Tokyo-based translation platform Gengo revealed earlier today that it has translated over 200 million words to date. It also boasts a network of 10,822 translators across 114 countries, who are translating at a rate of four words per second, or 240 words per minute.

“Gengo can translate twice as fast as a live translator can speak in a minute, or six times faster than the average person can type in a minute,” says Maitri Jani, PR Manager at Gengo.

Gengo’s website now shows the number of words the startup is translating in real time. CEO and cofounder Robert Laing says that unveiling its benchmarks to the public “marks the first step in Gengo’s overall Open Data Initiative.”

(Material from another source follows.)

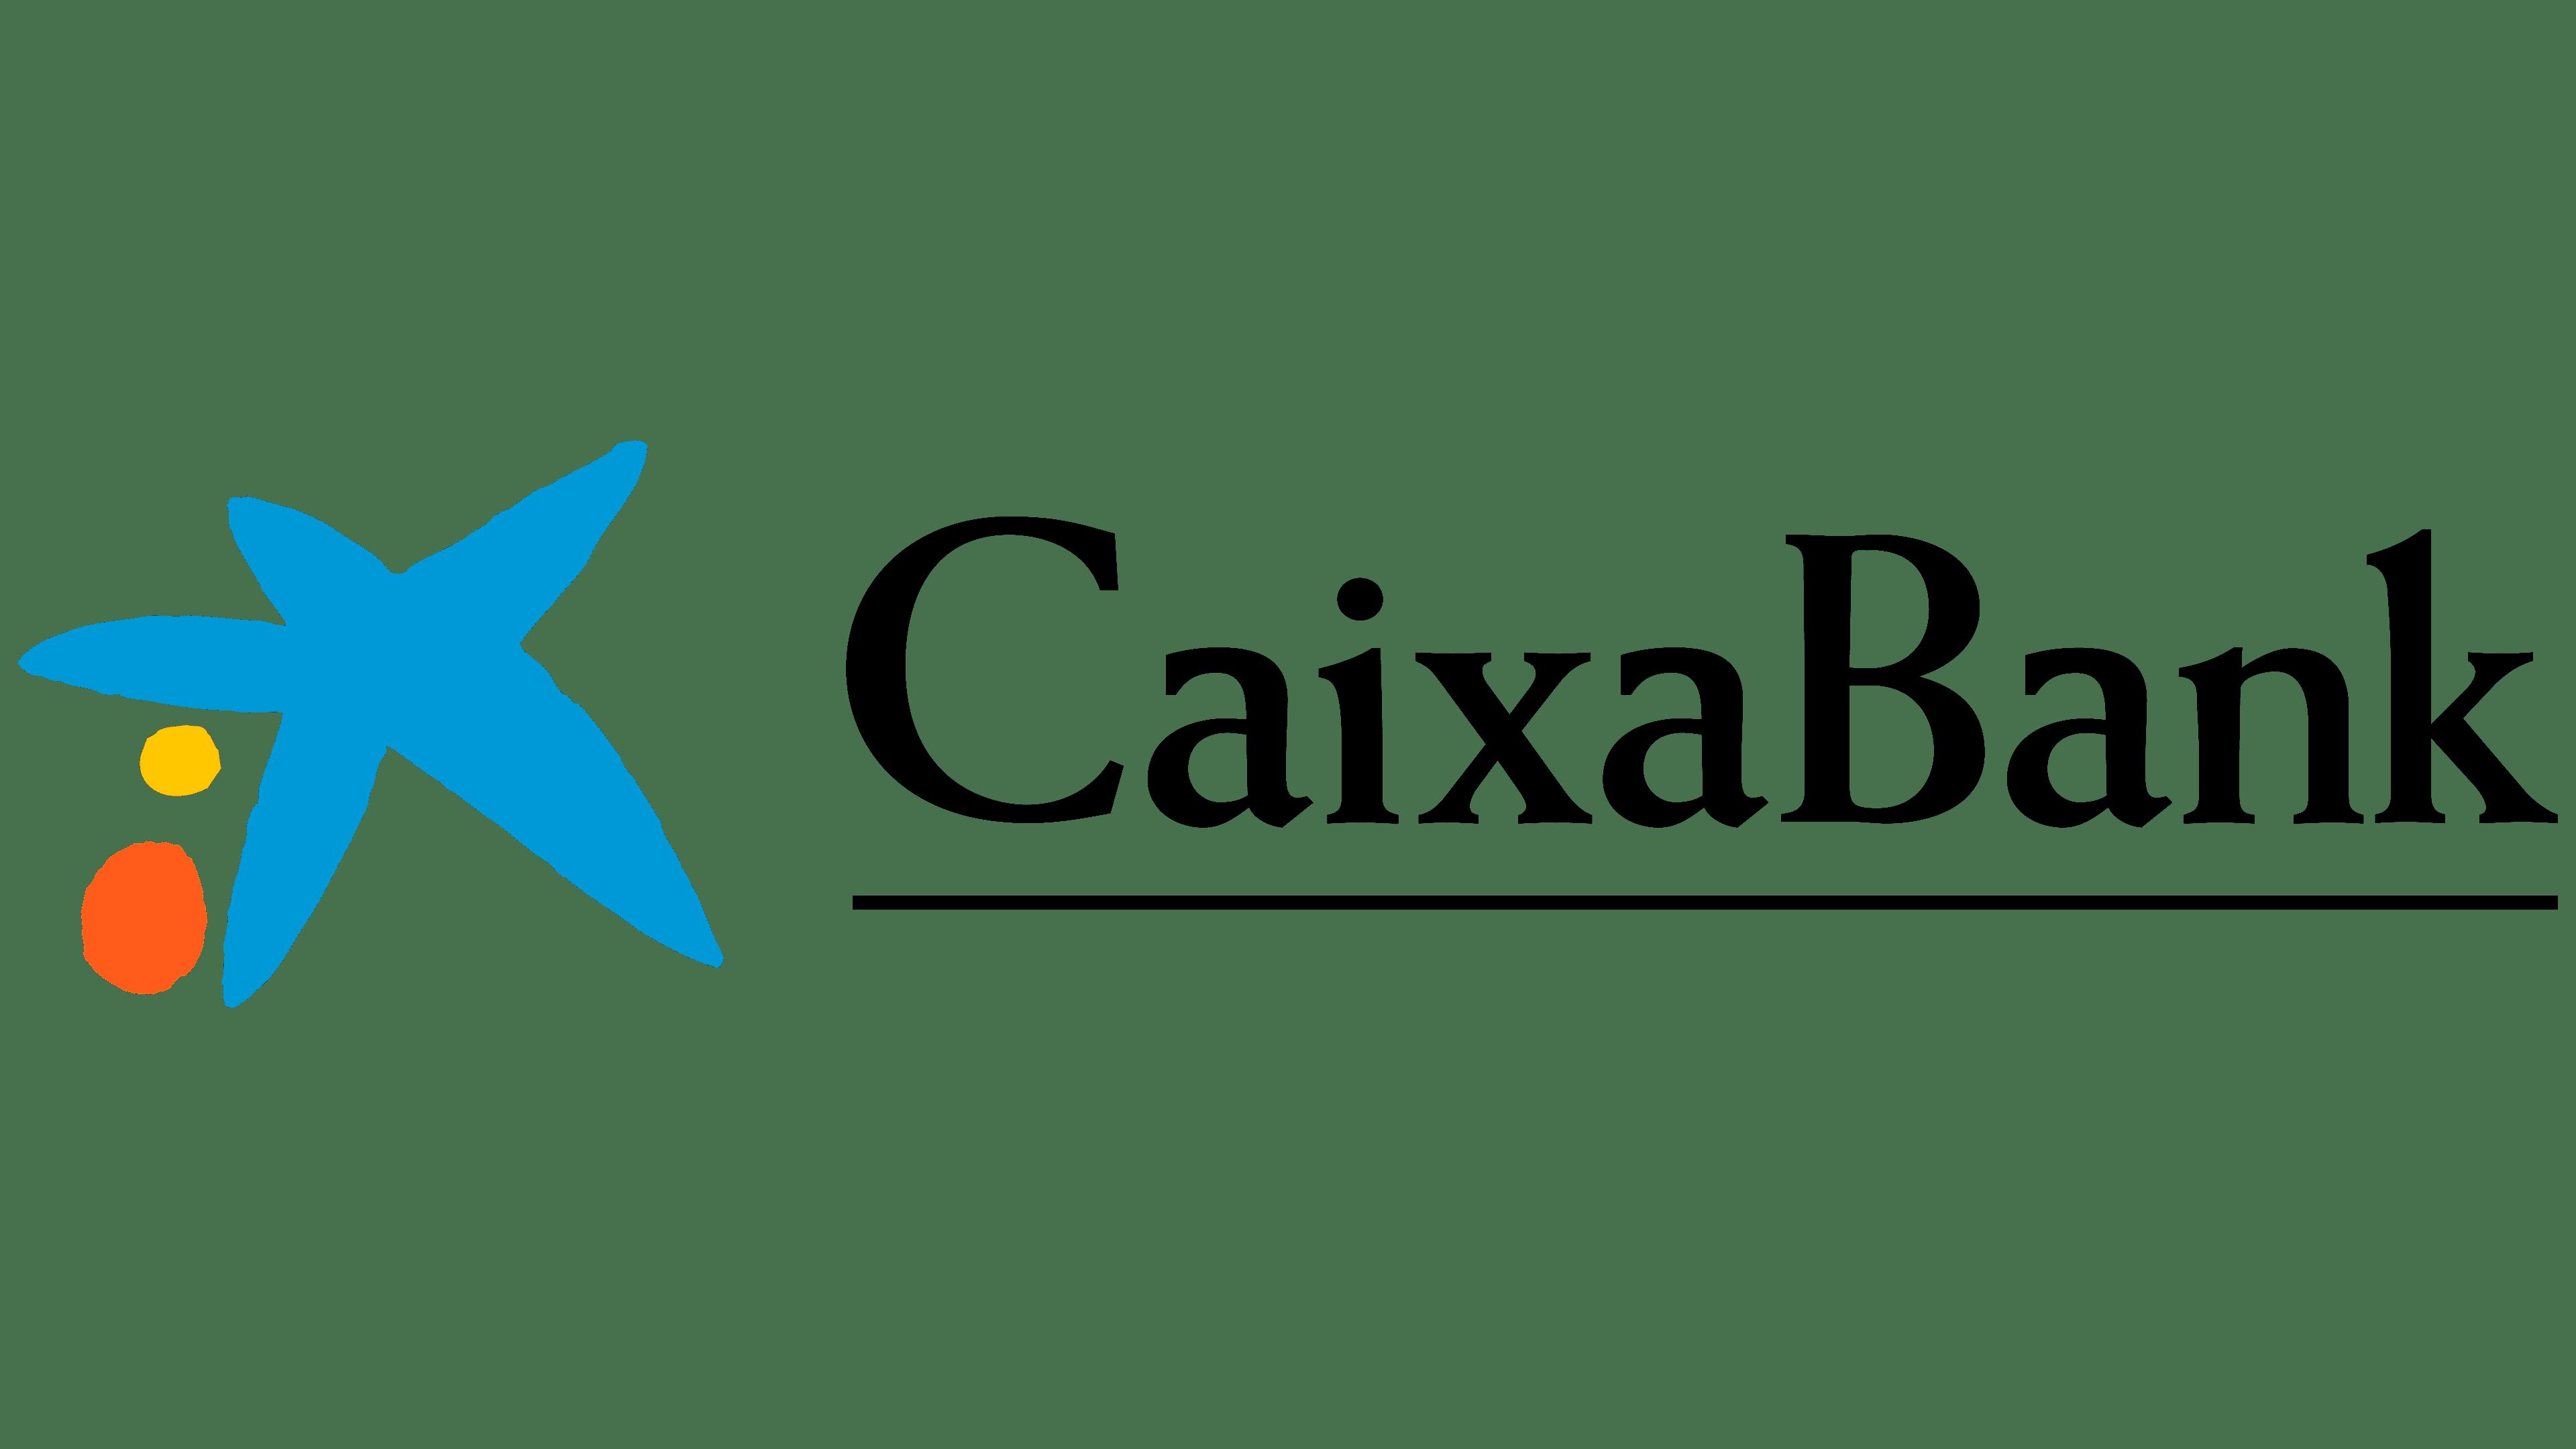 Caixa Bank (La Caixa)
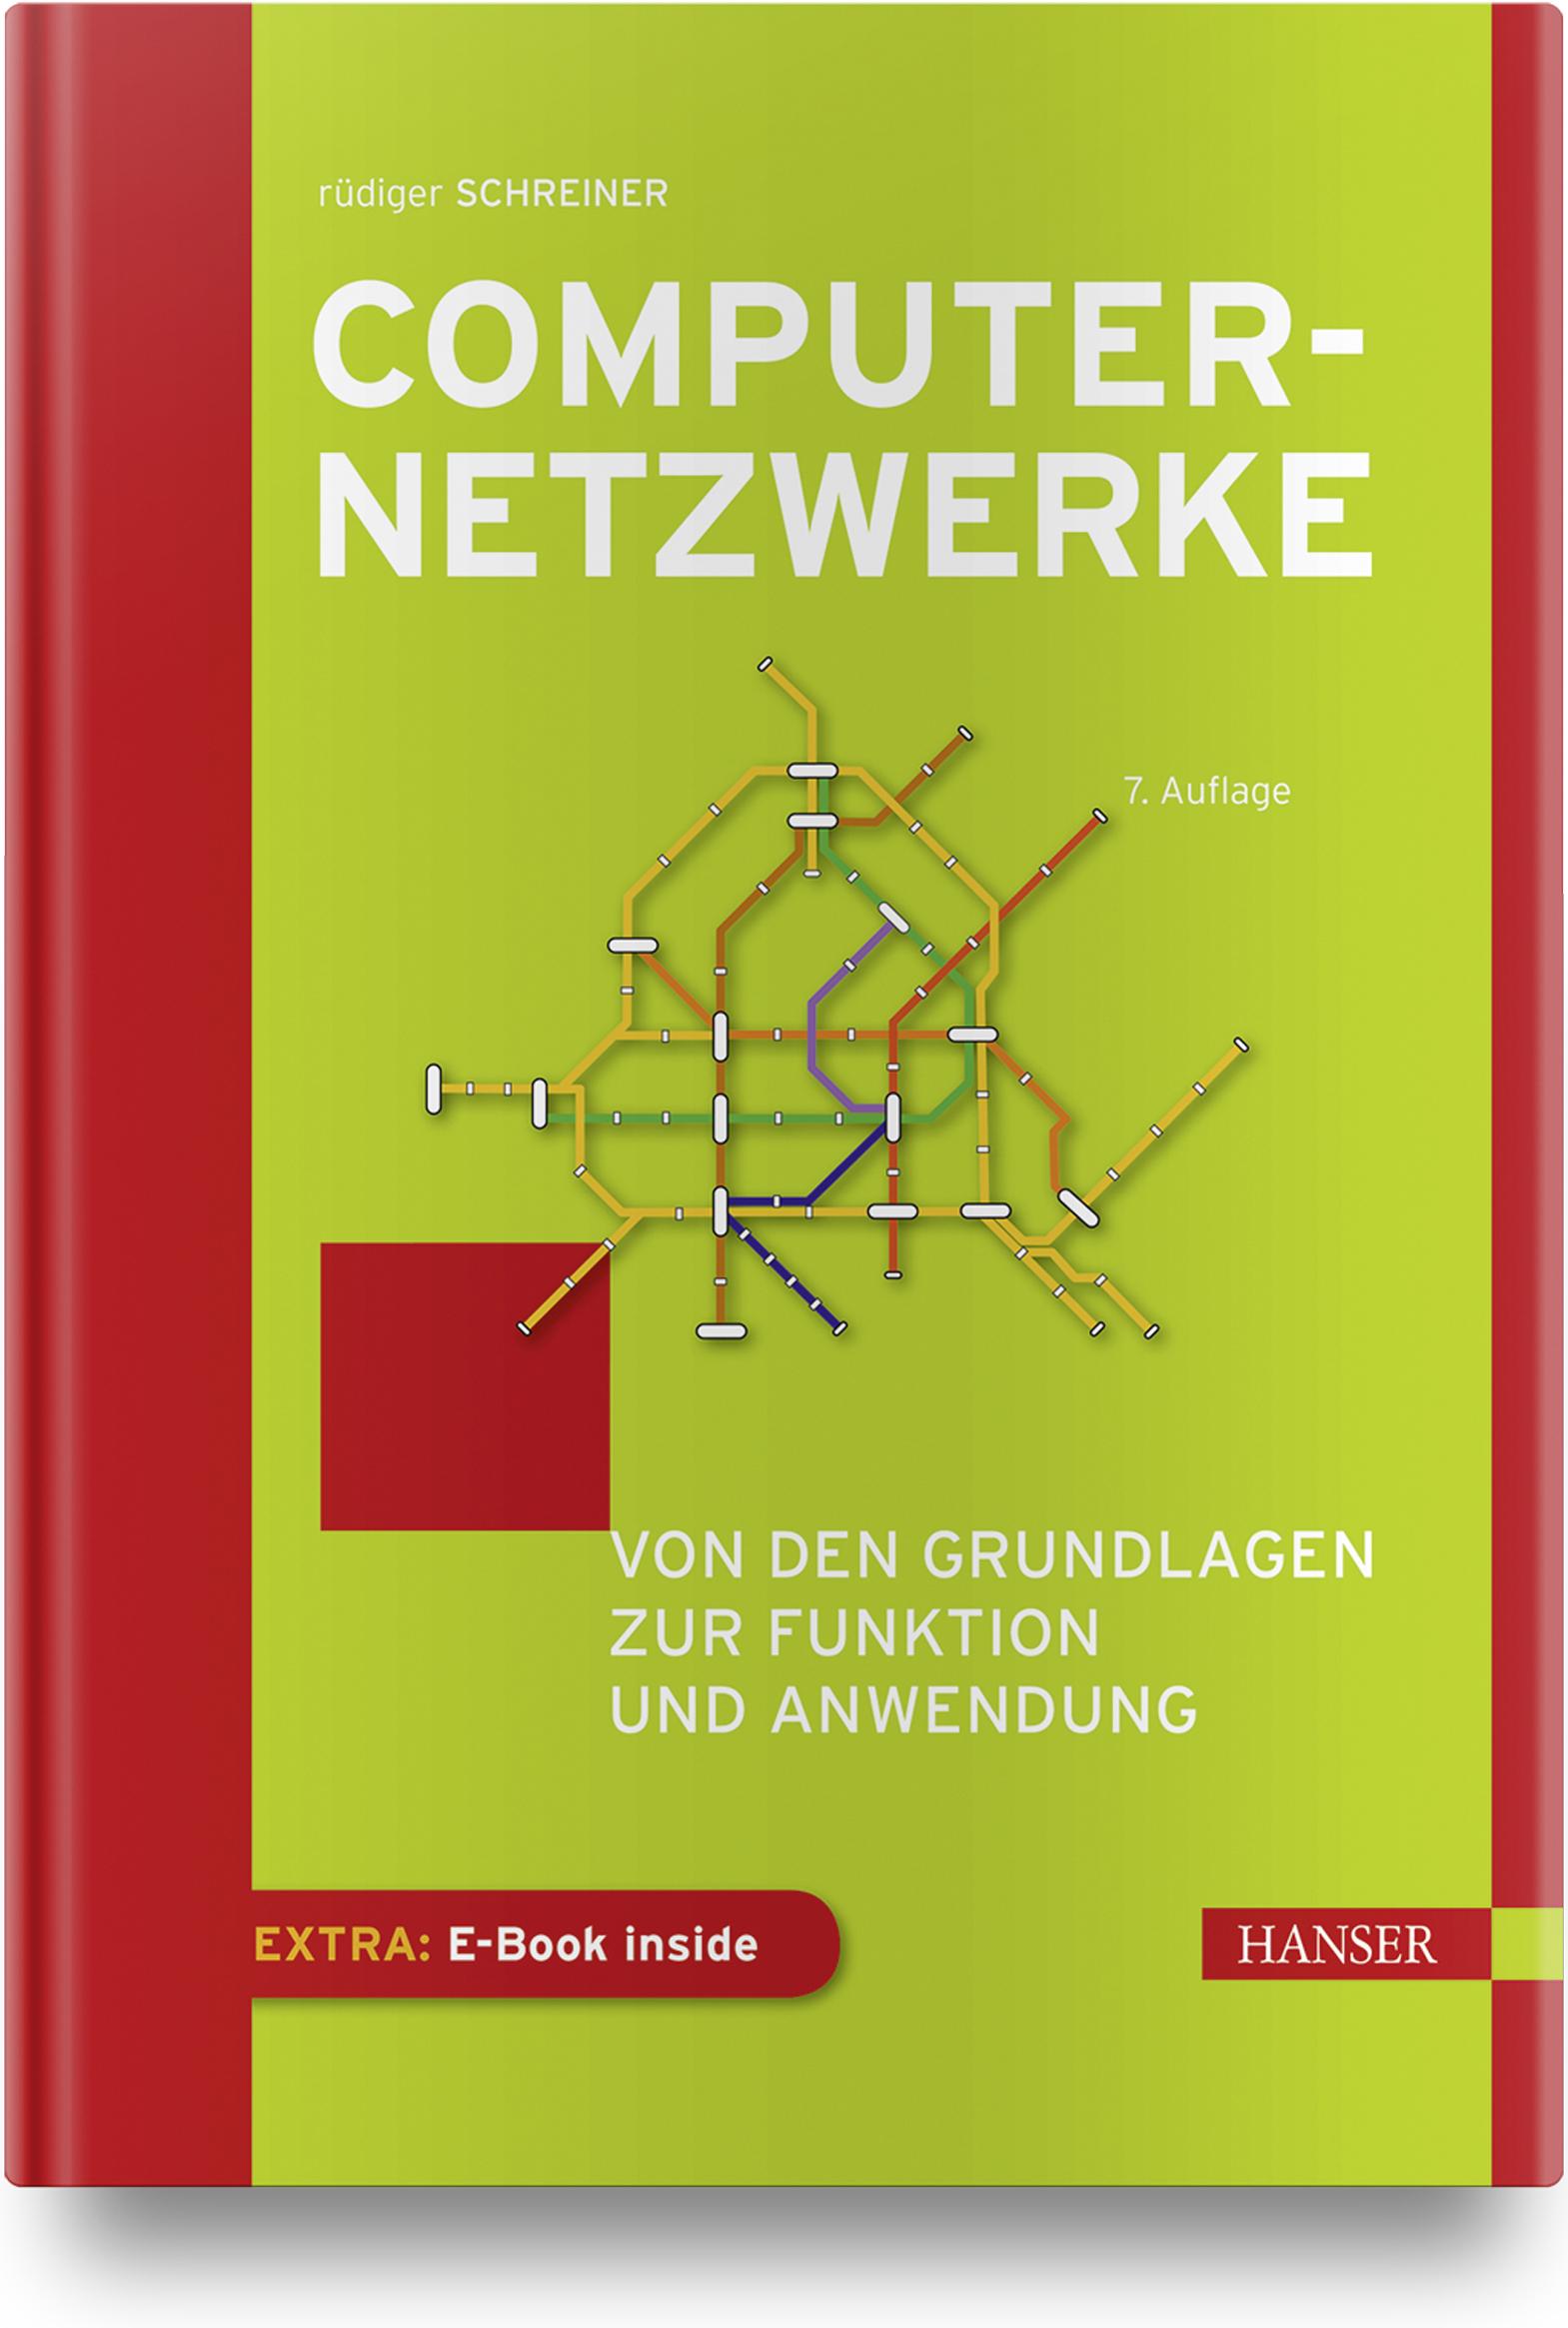 Schreiner, Computernetzwerke, 978-3-446-46005-8

“In the near future, we plan to share a wide range of operational data from our platform. We believe this kind of transparency is lacking in our industry and it will provide our customers with the information they need to find fast and easy human translations at scale,” says Laing.

Gengo also announced that it has added three new language pairs in its platform: English to Serbian, English to Slovak and English to Ukrainian. In total, it currently offers translations in 34 languages and 58 language pairs. Some of its clients include Alibaba, YouTube, Rakuten, and TripAdvisor.

Founded in 2008 by Robert Laing and Matthew Romaine, Gengo has raised a total of $19 million in funding to date from Atomico, Intel Capital, Infocomm Investments, and others. Gengo’s competitors include Tokyo-based Conyac and Smartling, which recently raised $25 million in funding.

Geeks at heart, both Laing and Romaine told Tech in Asia in a previous interview that the company is investing heavily in its crowd management system and technology. “A lot of technology that we build, you don’t see it. We have a saying in Gengo — “click, boom, amazing” — what’s amazing to us means the speed and quality of Gengo’s translation,” says Romaine.